(EMU) – St. Kitts, November 20, 2019: St. Kitts-Nevis Focal Point for the OECS Early Learners Programme Jacqueline Bassue says she is confident of the sustainability of the Early Learners’ Programme (ELP) following the recently held Regional Advisory Group (RAG) meeting in St. Kitts from the 14th – 15th November 2019.
Following very robust discussions to plan the way forward for the Early Learners’ Project, an advisory group comprising focal points from beneficiary countries visited the Edgar T Morris and St. Pauls Primary Schools in St.
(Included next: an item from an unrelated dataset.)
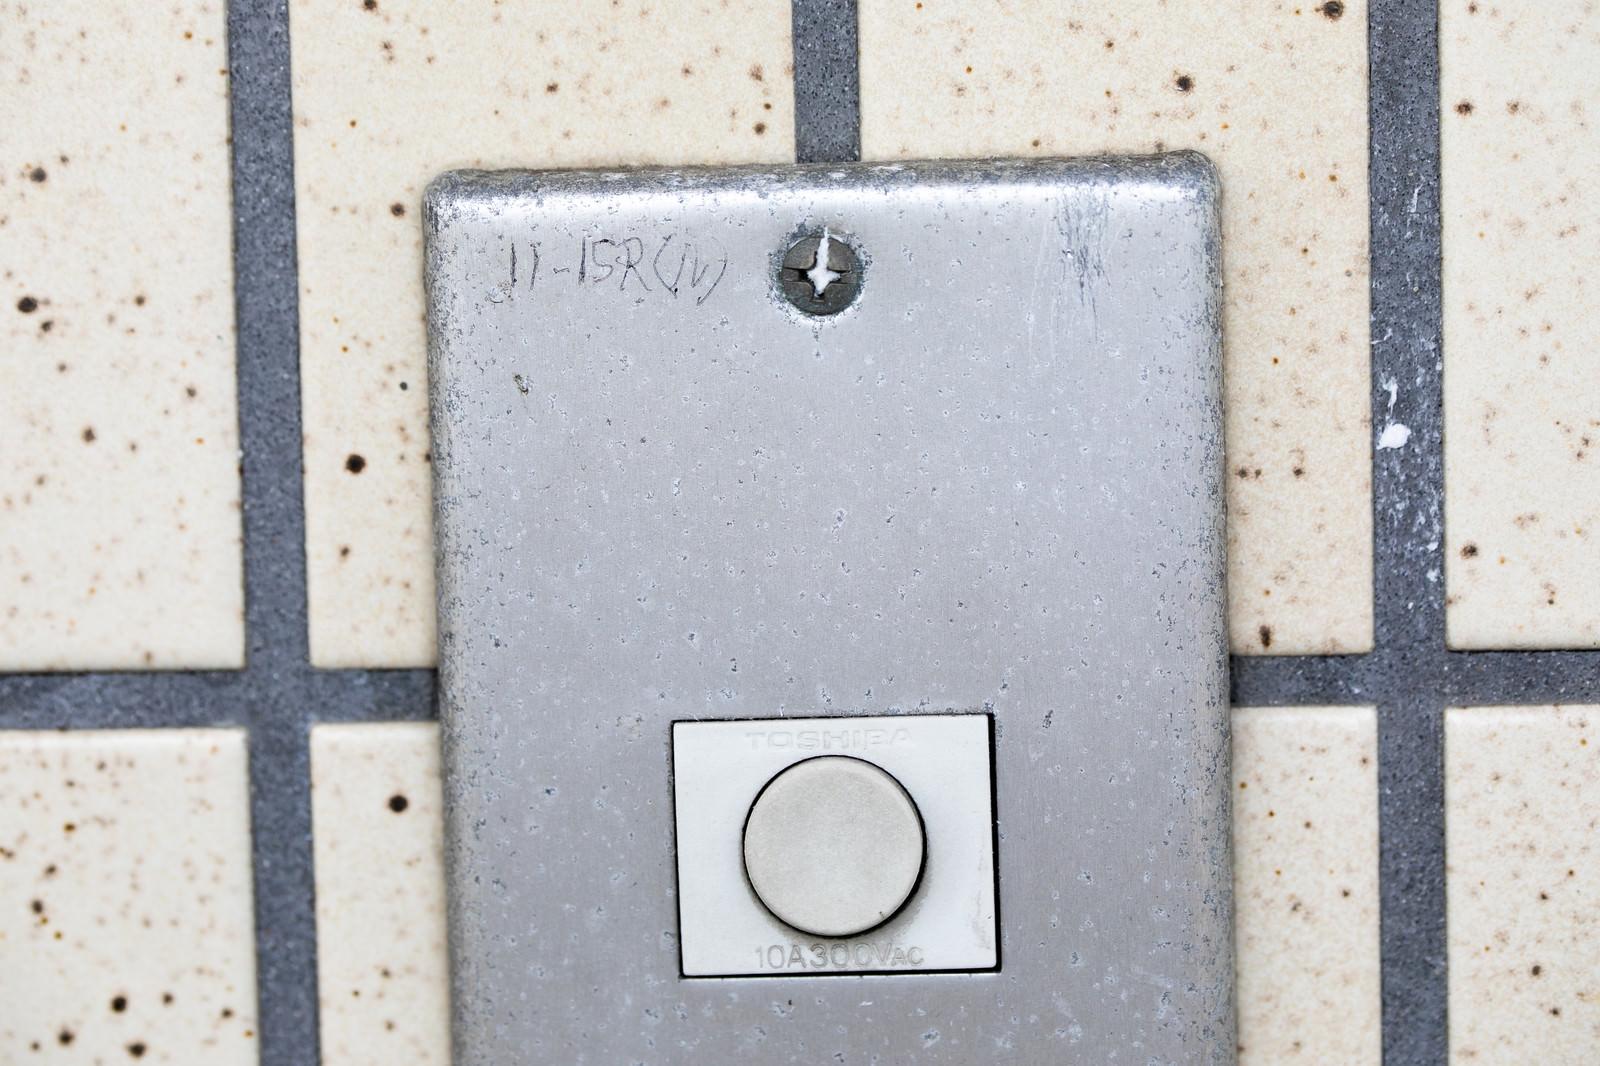 「玄関チャイムのマーキング(11-15Rル)ー「11時~15時は留守」玄関チャイムのマーキング(11-15Rル)ー「11時~15時は留守」」のフリー写真素材を拡大

Kitts to assess the progress of the project which seeks to improve reading levels of students in Kindergarten to grade 3.
The group sought to determine how well the project had been implemented as well as how students and teachers have benefitted from ELP teaching and learning materials received over the course of the project.
OECS ELP Reading Specialist Lisa Sargusingh-Terrance stated that during the close to four years since the programme has been implemented the focus has been on teacher training and professional development coupled with other well thought out approaches to improved reading.
SOUNDBITE: “We have also been introducing into the classroom, a diversity of teaching and learning resources to improve reading. We have been enhancing the curriculum of the various Islands so that it can be more responsive to the needs of students coming out of the latest research on how it is that we should teach reading.”
Ms. Sargusingh made special reference to a need for the development of specific language policies which became apparent following the attempted implementation of the ELP programme with the nuances and language peculiarities of the Caribbean, for example St. Lucia and Dominica with their root in French Creole.
SOUNDBITE: “Our children come to the schools not really speaking an English language but speaking a home language, that has an English base or event a French base… So we have had to address that through the drafting of language policies to respond to the needs of our children.”
The reading specialist added that over the years there has been some marked improvement in the reading performance of children adding that she has high expectation that by the time the project reaches completion in September 2020, the built-in sustainability element will be reflected in student improvement overall.
SOUNDBITE: “What we want in the end is children who will be performing well in all subject areas, children who will achieve success in their lives and we know that if they have an early start, a good start in their reading they are going to be successful in other areas.”
According to Local ELP Focal Point Jacqueline Bassue It is hoped that the Ministries of Education in participating islands would continue to implement reading instruction in the way designed by the ELP and that the teacher training would be filtered into the classrooms and maintained.
ELP participating countries include Antigua and Barbuda, St. Vincent and the Grenadines, Grenada, St. Lucia and Dominica as well as Advisory Meeting Host Country, St. Kitts and Nevis.